• **Exercise description**
Take the lines from the one with "Commercial Flake Ice" through the last line of the material below and write them out exactly, without any pictures.

• **Data below**
------------------------------------------------

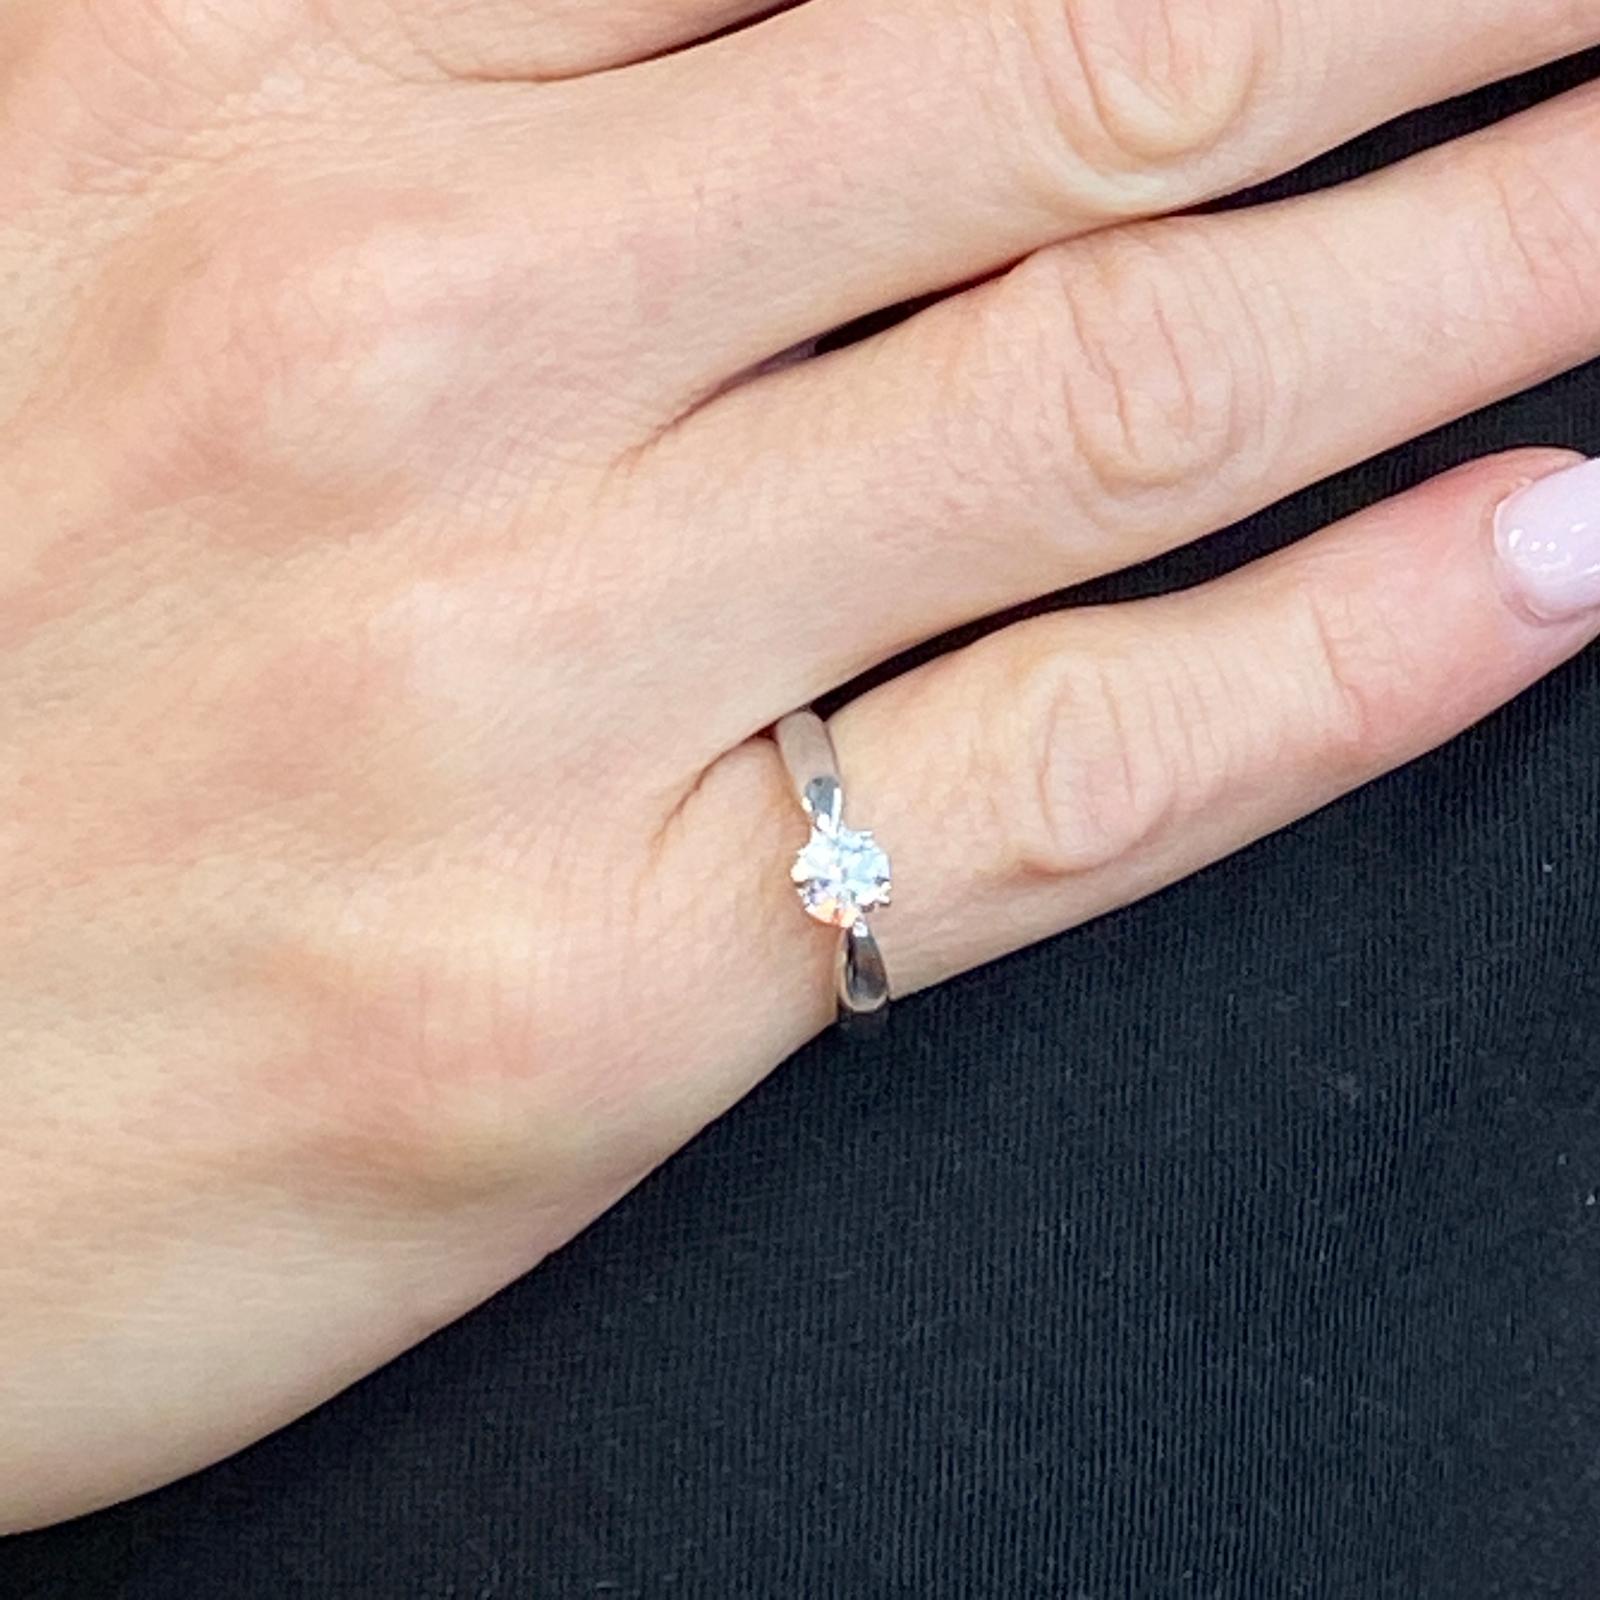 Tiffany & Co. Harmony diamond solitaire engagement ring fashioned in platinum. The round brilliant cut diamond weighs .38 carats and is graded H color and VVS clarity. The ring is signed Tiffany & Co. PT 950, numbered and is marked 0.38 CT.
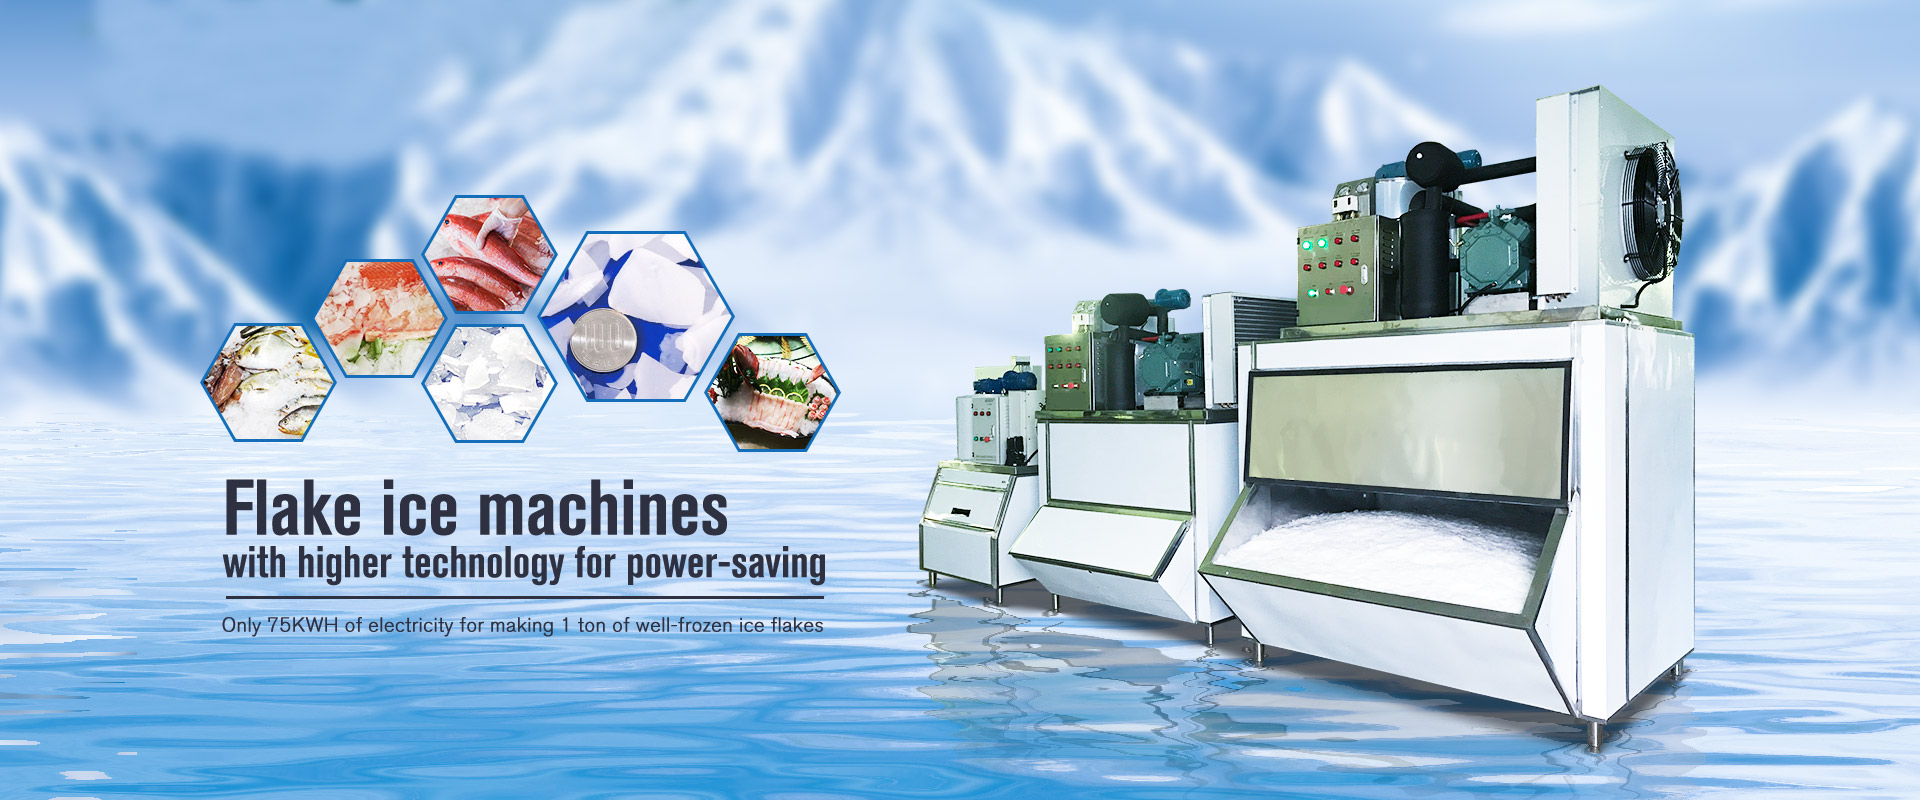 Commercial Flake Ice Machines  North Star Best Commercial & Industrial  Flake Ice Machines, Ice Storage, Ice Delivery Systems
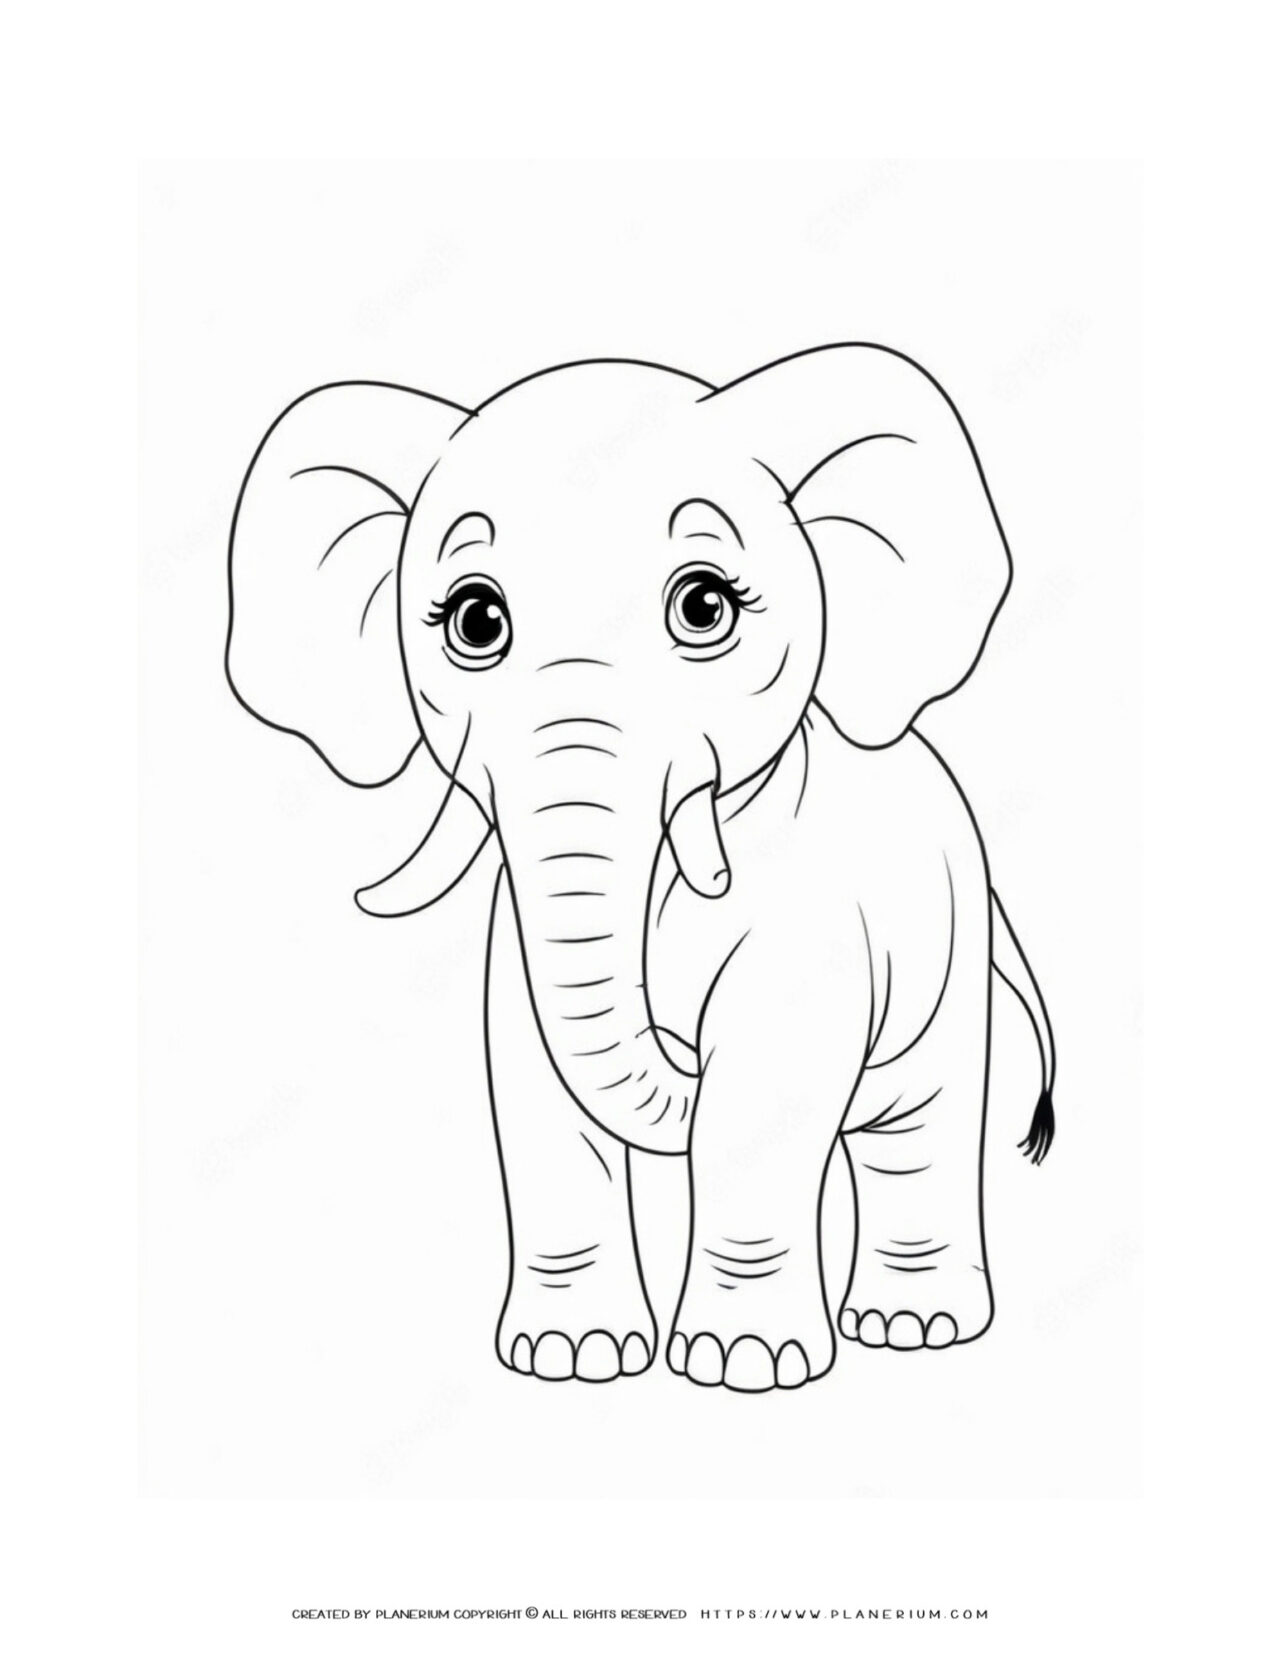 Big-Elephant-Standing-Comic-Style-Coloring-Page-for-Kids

------------------------------------------------

• **Solution for this task**
 Commercial Flake Ice Machines  North Star Best Commercial & Industrial  Flake Ice Machines, Ice Storage, Ice Delivery Systems
 Big-Elephant-Standing-Comic-Style-Coloring-Page-for-Kids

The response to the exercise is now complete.